“Build Verification” Stress Test in a nutshell
Before answering this let me point out that I used the word “stress” and not “performance”. That’s because performance degradation is only one of the potential finds of a good CI stress test, with errors being the other. So, before we talk about what makes a good one let’s talk about what doesn’t.
A test like you would use in regular pre-release load testing is not a good one for several reasons.

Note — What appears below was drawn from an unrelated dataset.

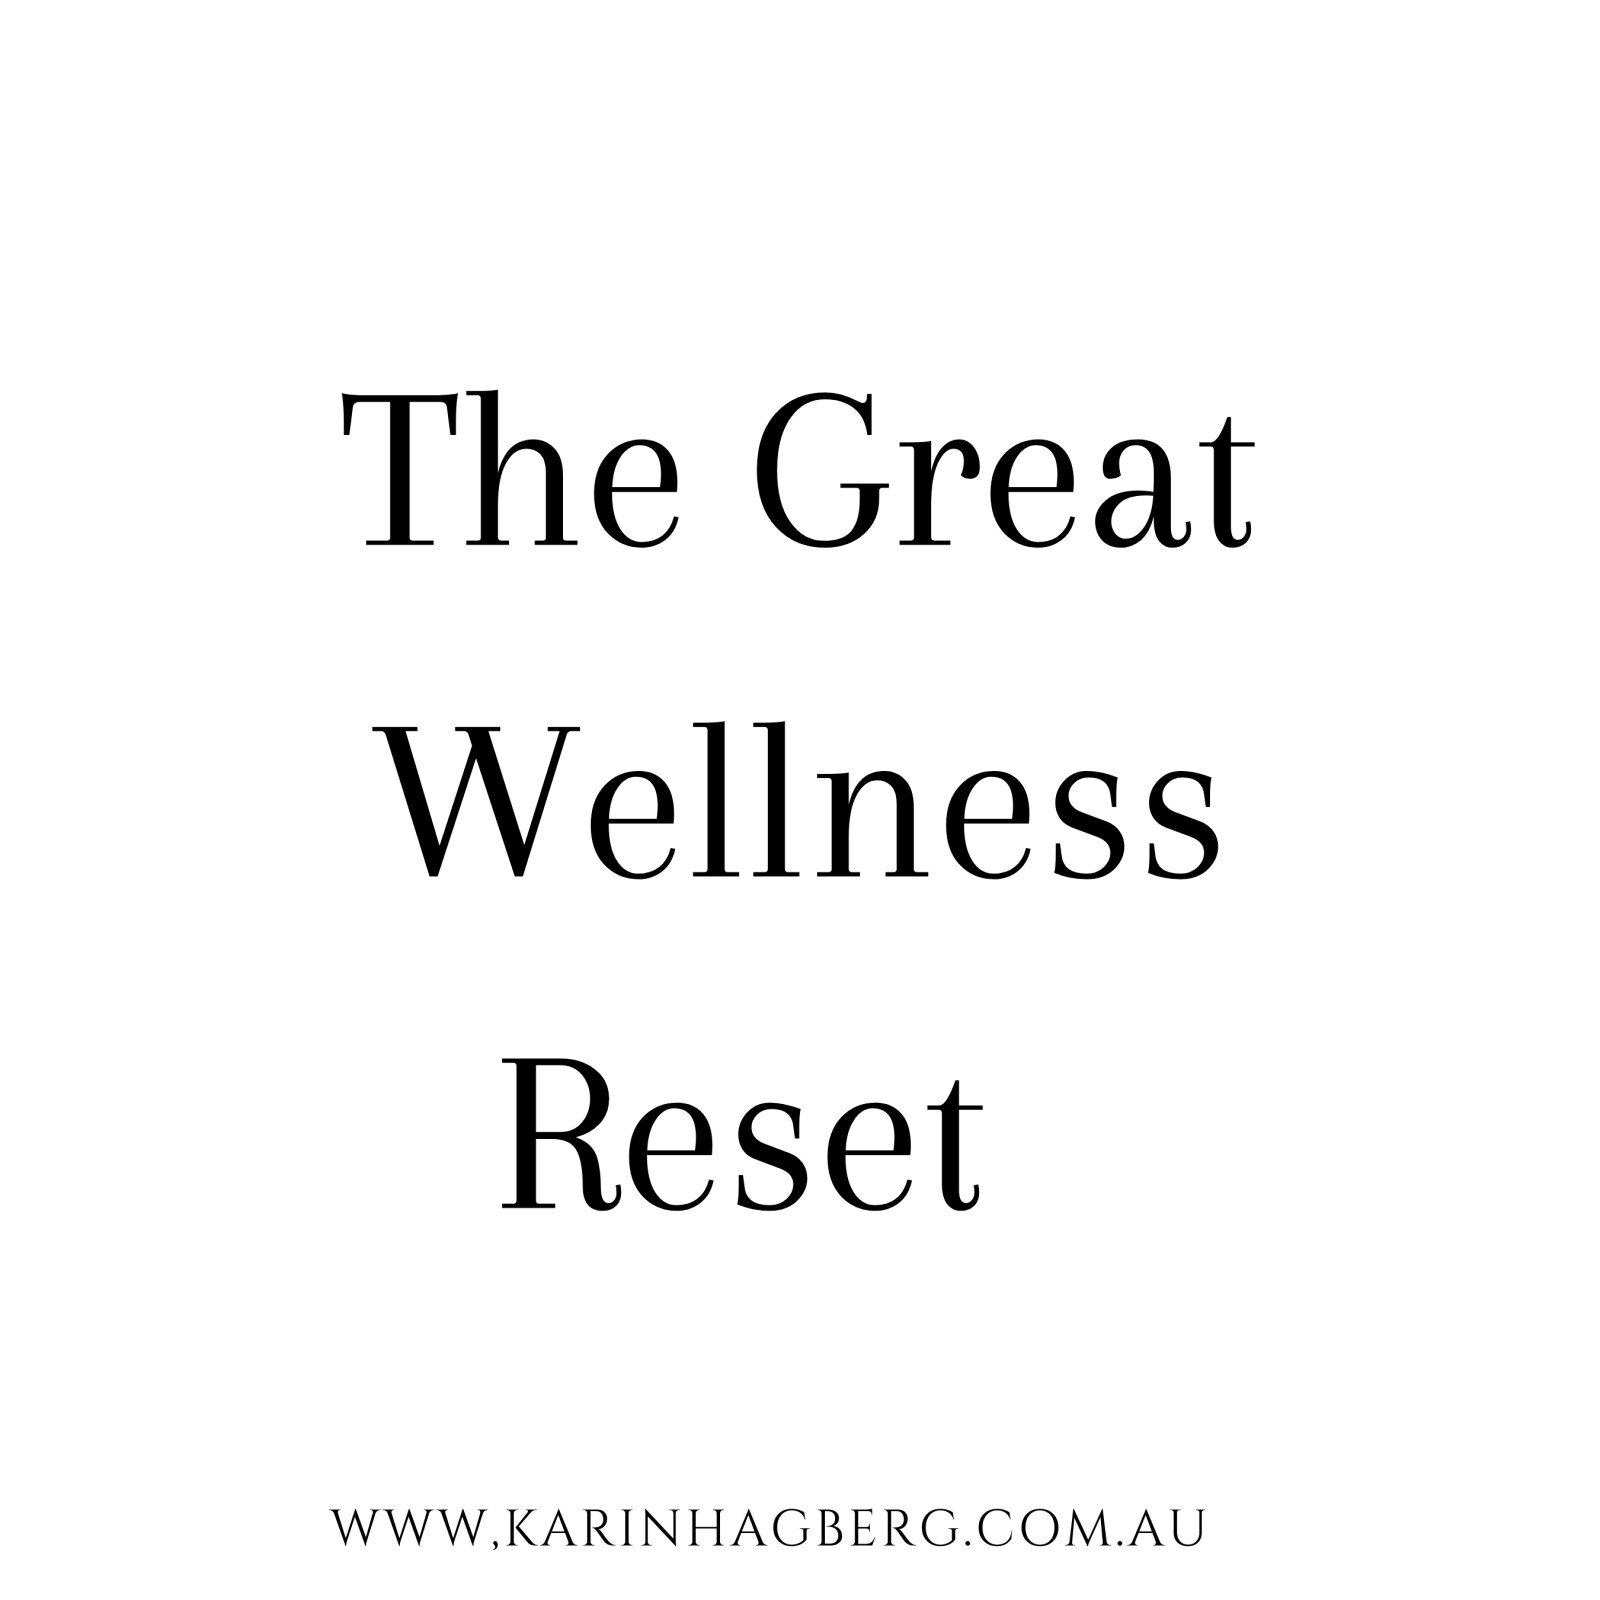 The Great Wellness Reset

These normally run for some period of time, up to an hour or longer, with ramp up, hold and ramp down times included. We need something more like the POST (power on self-test) your laptop goes through when you first turn it on – get as much done in the shortest amount of time possible, making sure there are no glaring errors or performance degradation issues before promoting the build (or bringing up Windows on your laptop in the case of the POST test).

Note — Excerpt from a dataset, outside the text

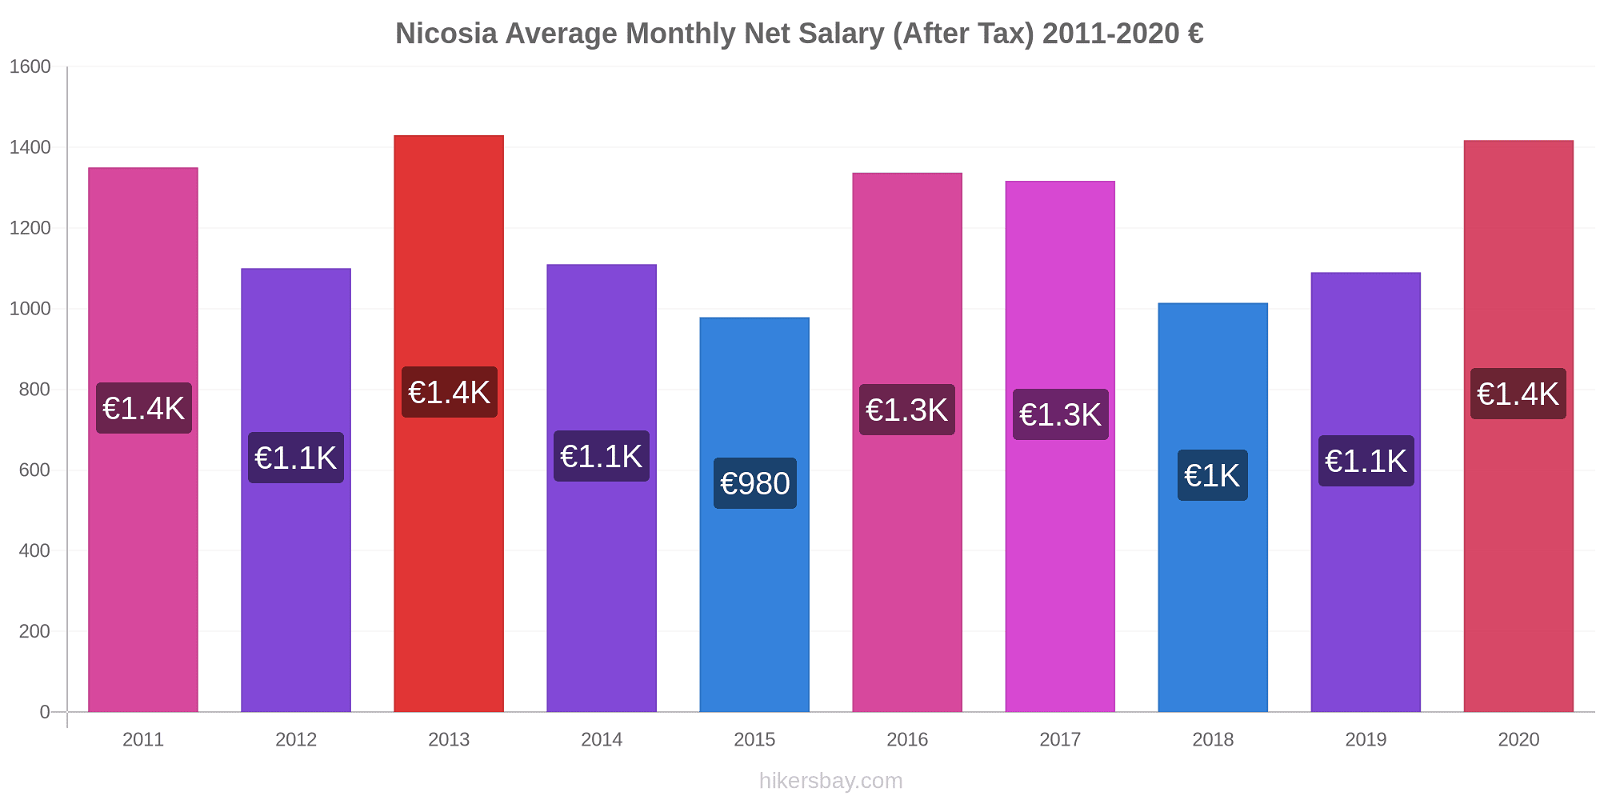 Nicosia price changes Average Monthly Net Salary (After Tax) hikersbay.com

“Engines on Blocks” methodology
The methodology I use is called “Engines on Blocks” because it’s modeled after the test harnesses that automobile engines are installed and tested in before putting them in a car at the factory. It’s not a lengthy test but it does rev the engine at 80 or 90 for a couple minutes to see if it sputters and dies. Even though only 1 or 2% fail at this stage, the cost of finding and fixing them here is much, much less than discovering it later down the line. Same goes for your application, and hence the need for a build verification test.
One thing that isn’t needed is think time – what is there to think about anyway? We are not trying to model user behavior we are trying to run a 3-to-5-minute stress using the minimum number of threads needed to rev the CPU up to 80, just like that car engine. And we should be testing a happy path through the core functionality of the application, not merely logging in, traversing the menus, and logging out (although even that is better than nothing).
Your CI or build verification test represents the velocity of your core business transaction, where milliseconds count. Since this test is run many times, it becomes easy to spot historical trends and to know exactly when performance degradation first begins to happen so it can be fixed before it degrades further.
Numerous challenges ahead
Running load tests as part of the CI test pipeline is challenging for a number of reasons. They don’t simply pass or fail the way functional tests do and since every application is different there are different criteria for what should cause a failure. All the usual requirements of a load test, including test data and test users, sill apply, including the state of the database itself, before and after the test. Backing out the added transactions to avoid leaving clutter behind is always a good idea.
Has anyone out there in our readers tried this at your company? If so, would you like to share your experience with the rest of us?